Curious to know why bulk loader spec is designed for new graph only?

Question

Curious to know why bulk loader spec is designed for new graph only?

gomesian opened this issue 5 years ago · 3 comments

Wondering why we cant update an 'existing' GRAPH with bulk load? (e.g. getting Redis KEY already exists error)

I assume redisgraph-py is not as efficient as using this script - since I assume it doesn't use the GRAPH.BULK endpoint e.g. sending binary data that is getting unpacked

I love the sparse matrix design of RedisGraph. I am prototyping some thing for my Post Grad ML capstone project.
I need to be able up do BULK UPDATE existing graph every few minutes with new steaming data - up to 50k node/edges. Not sure how the redisgraph-py chunk/buffering works on larger data inserts, but will test next.
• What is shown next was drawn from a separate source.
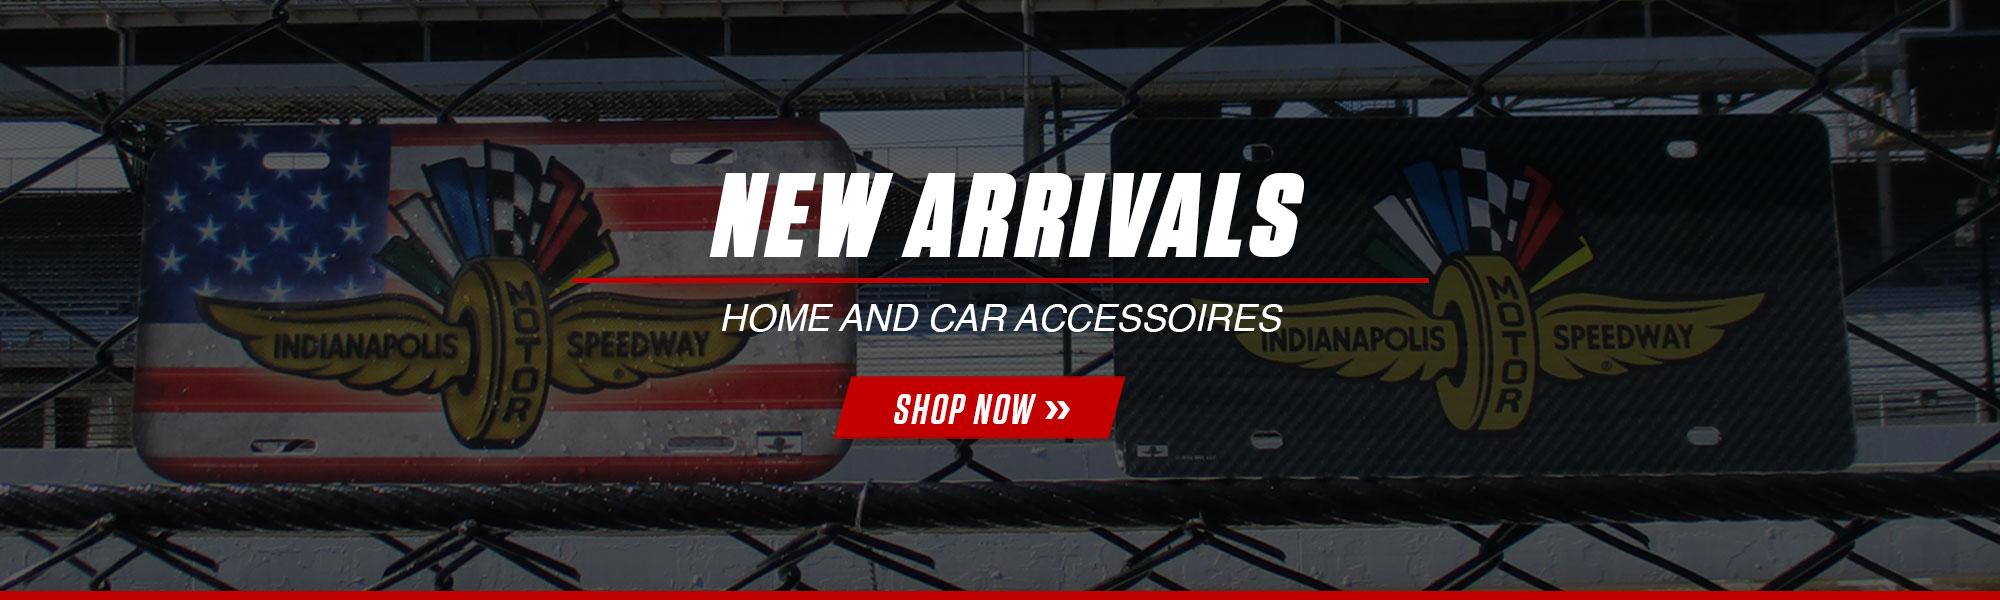 homepage-ims-new-arrivals-2-2019.jpg
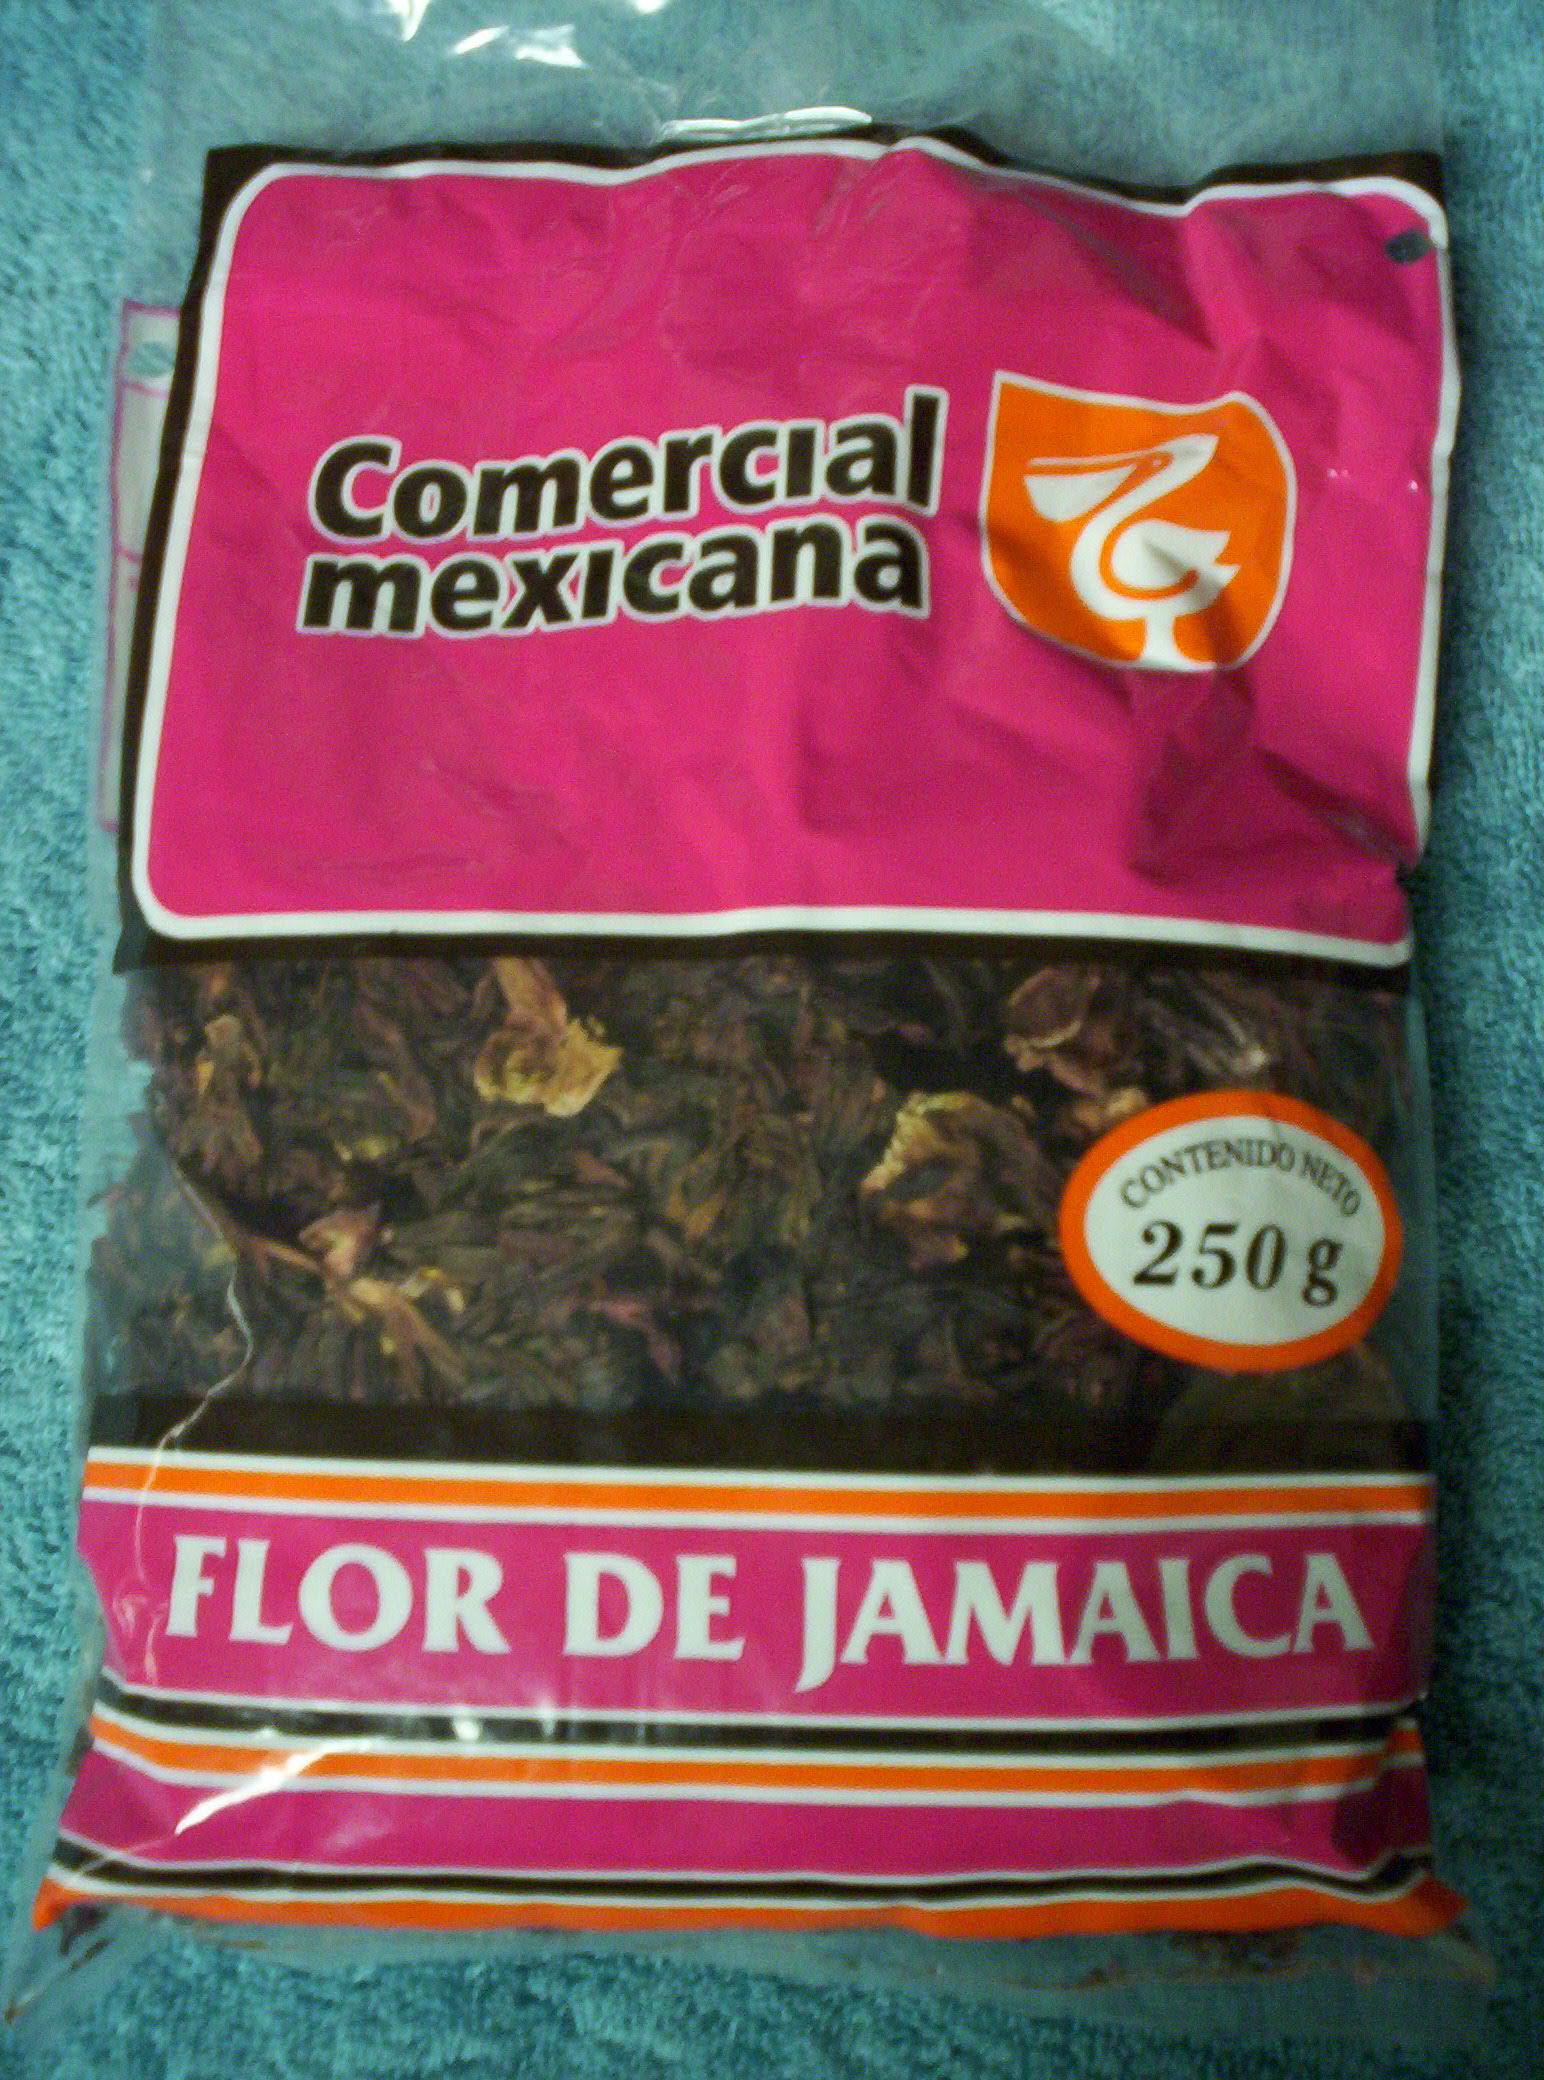 http://upload.wikimedia.org/wikipedia/commons/0/06/Flor_de_Jamaica.JPG

Any comment future plans to add BULK UPDATE Redis Graph bulk-loader? Is do you think the transport protocol of the redisgraph-py is as efficient for existing GRAPH updates using bulk binary chunks?

Answer 1 · 2021-01-19T17:15:27.000Z

Hi @gomesian,

The bulk loader is only designed for new graphs because, if the current design were naively extended, we could only perform batch updates of entirely new entities. Performing tasks such as adding relationships between pre-existing nodes would not work, and there is a significant risk of unintentional entity duplication.

We're currently considering adding a bulk update utility that would allow for CSVs to be loaded by writing Cypher queries with references to CSV fields. Such a utility's performance would fall between the bulk loader and redisgraph-py update scripts, but would require the graph to be inaccessible for the duration of the bulk update.

Answer 2 · 2021-01-19T18:45:49.000Z

Thanks for the info you are considering bulk update utility.
Makes sense then some sort of db write locking feature, in case returned edge/node IDs has changed before the actually update phase finishes (thus mitigating errors or broken promise of guaranteed updates in a point in time)

Just for some background:

I want to update node properties and add new edges (mix of existing and new node) - ideally in parallel. And it creates nodes if not already created. Somewhat of a living graph updated frequently. Maybe RedisGraph not so suited to this, compared it being more suited static/one time Graph.

I previously tried AWS Neptune GraphDB for this personal project which has incredible overheads. But I did like the fact you can set entity key as int or string. It appears RedisGraph supports only auto-generated IDs as integers (correct me if I am wrong). I like Neptunes bulk_loader API I can create a node (my own key) - then simply batch push new nodes/edges with key of my choosing. If node exists - Neptune simply updates/replace property object. If new, it is created. I recall even an option/method to append / update subset of properties (instead of replace all props). So for updates, I don't need to search first for the key for the update. I simply blindly post update with desired/known key. For mass update of edges (with known key to key), obviously up to me to ensure node exists - and how to handle errors if it doesn't.

I will close this but will wait a bit first if you have comments.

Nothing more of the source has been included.